この記事は1年以上前に書かれたもので、内容が古い可能性がありますのでご注意ください。

Nowadays among other programming languages the demand for Python and its developers is increasing rapidly – not only because of its popularity and wide uses but also mostly due to the fact that Python became a solution in many different areas. From web applications to machine learning and data science. It is highly user-friendly and an open-source language. Python is not only growing its popularity but also enhancing its applications in almost every field. It is building an excellent market in IT industries as well. If you want to start learning Python, you will get a well understanding by reading this article.
There are lots of integrated development environments (IDEs) for Python programming. However, Anaconda is a distribution of Python and R programming that focused on data-driven projects. Its aim is to simplify package management and deployment. Anaconda Navigator provides several IDE, among them Jupyter Notebook and Spyder is the most popular one and easy to work with. I will explain all the tools that you need to start with Python and Anaconda.

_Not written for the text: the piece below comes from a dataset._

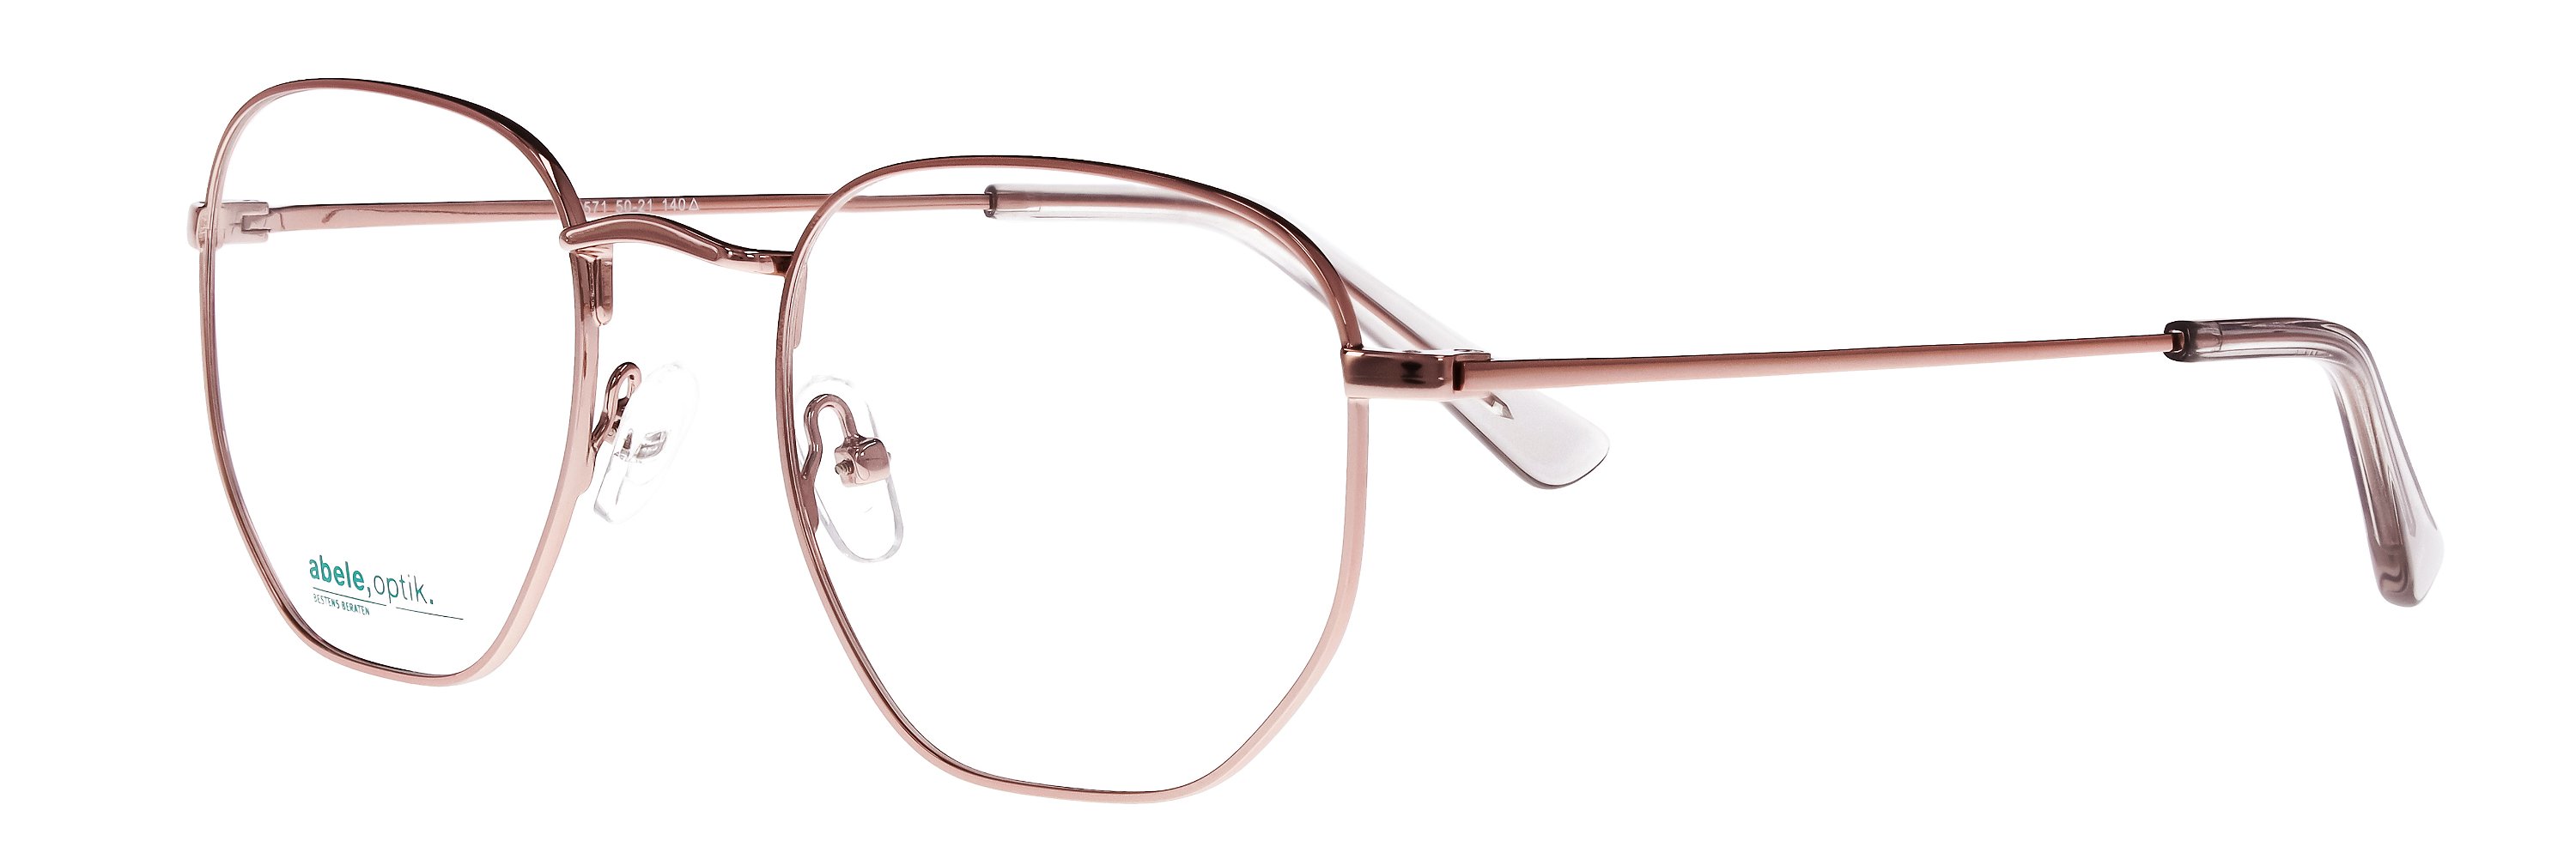 Das Bild zeigt die Korrektionsbrille 148571 von der Marke Abele Optik in rosé-weiß.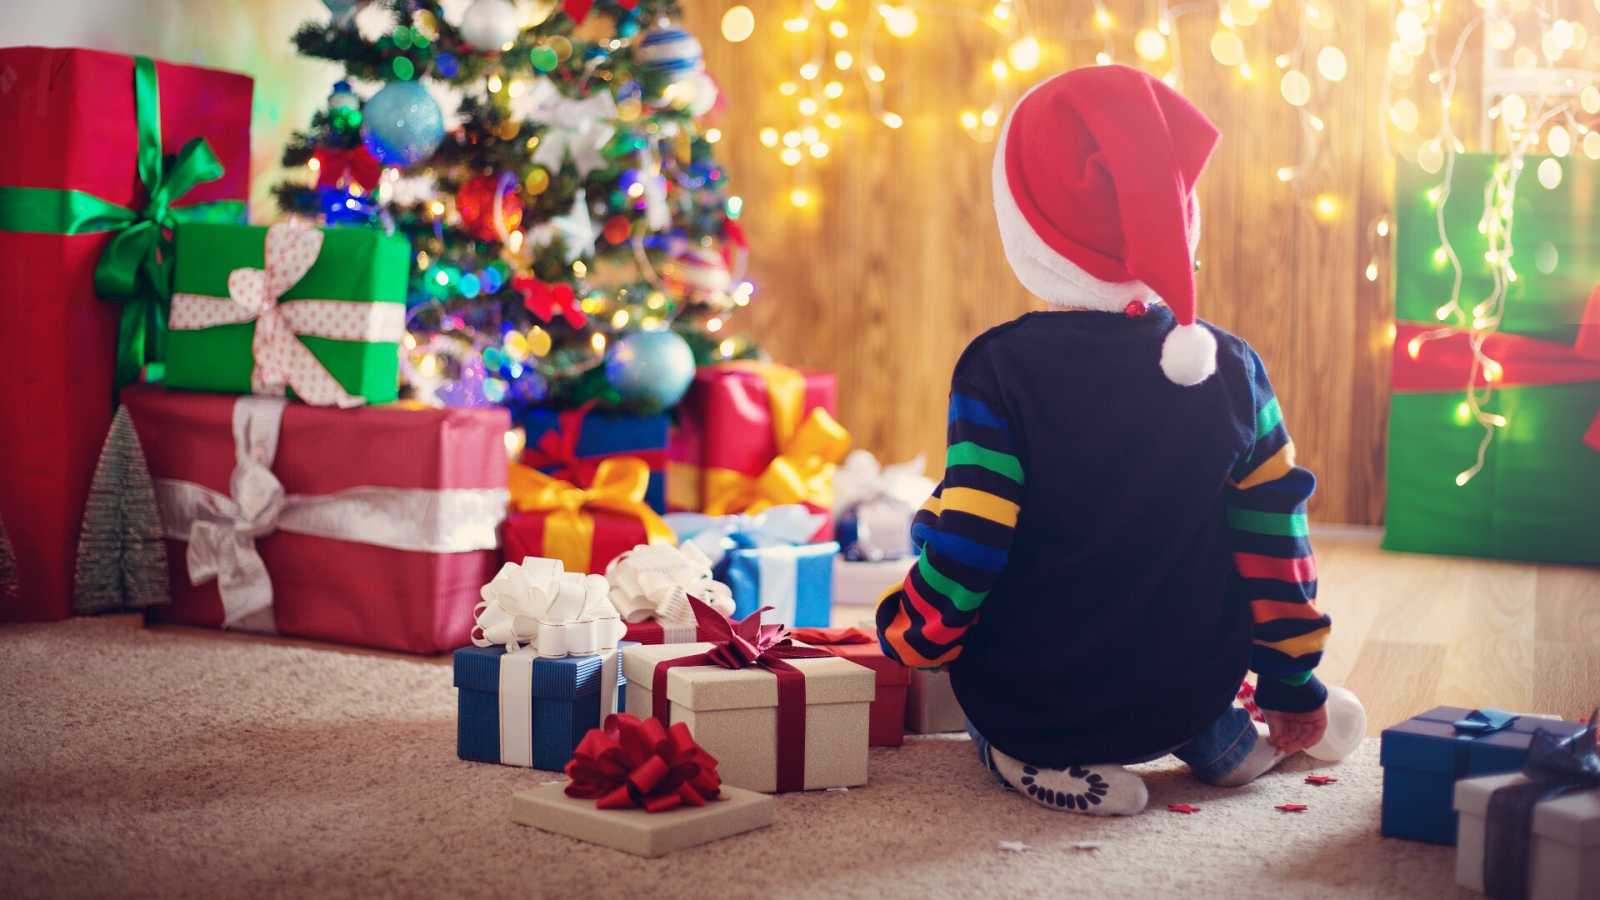 Cómo afecta psicológicamente a los niños el exceso de regalos en Navidad?

Setting up the environment

First, you need to install the Anaconda distribution software. It has Operating System (OS) compatibility with Windows, macOS, and Linux, including Ubuntu, RedHat, CentOS 7+, and others.

After installation you will find the Anaconda Navigator and Anaconda Command Prompt like the image below:

 

Install Python IDEs in Anaconda (using Navigator / Command Prompt)

As I mentioned Anaconda is a distribution so it provides several IDEs and lots of open-source packages. To start with python you need to install an IDE.

  • First create a working environment, where you will install your IDEs and python packages. You can create as many environments as you like. These environments are helpful for running several projects with a different setup of python packages without any conflict.
  • Then you can install the IDE and your desired python packages in that environment. However, the procedure to install IDEs and packages is different for the Anaconda Navigator and Anaconda Command Prompt.

Install using Anaconda Navigator:

  • In the navigator click on “Environments” [as 1 in the below figure]
  • Create the environment by clicking on “Create” [2] and a new Popup box will appear. On that box, you need to select the python version [3], Write the environment name [4], and then create [5].

  • After creating the environment you can install the IDE and packages by selecting the environment [6] you created.
  • To do so, you can search for the packages [7] you want and select [8] all of them and click Apply [9]. Your packages and IDEs will be installed.

  • You can lunch those IDEs [12] from the Navigator home [10] page but you need to select the proper environment [11] on which you want to work.

Install using Anaconda Command Prompt:

In order to install the IDEs and packages using the Anaconda command prompt, you need to lunch the Command Prompt and then follow the procedures as follows:

  • To create an environment:
         conda create --name myenv (Replace myenv with the environment name.)
  • When conda asks you to proceed, type y:
         proceed ([y]/n)?

This creates the myenv environment in /envs/. No packages will be installed in this environment.

  • To create an environment with a specific version of Python:
         conda create -n myenv python=3.9
  • To create an environment with a specific package:
         conda create -n myenv scipy

To activate the new environment:

         conda activate myenv
     or,  activate myenv
  • Verify that the new environment was installed correctly:
         conda env list

After activating the Environment you can install the desired packages in three different ways:

         conda install package_name
         Pip install package_name
         Pip3 install package_name

But for the way 2nd and 3rd you need to install the package pip for python2, and pip3 for python3.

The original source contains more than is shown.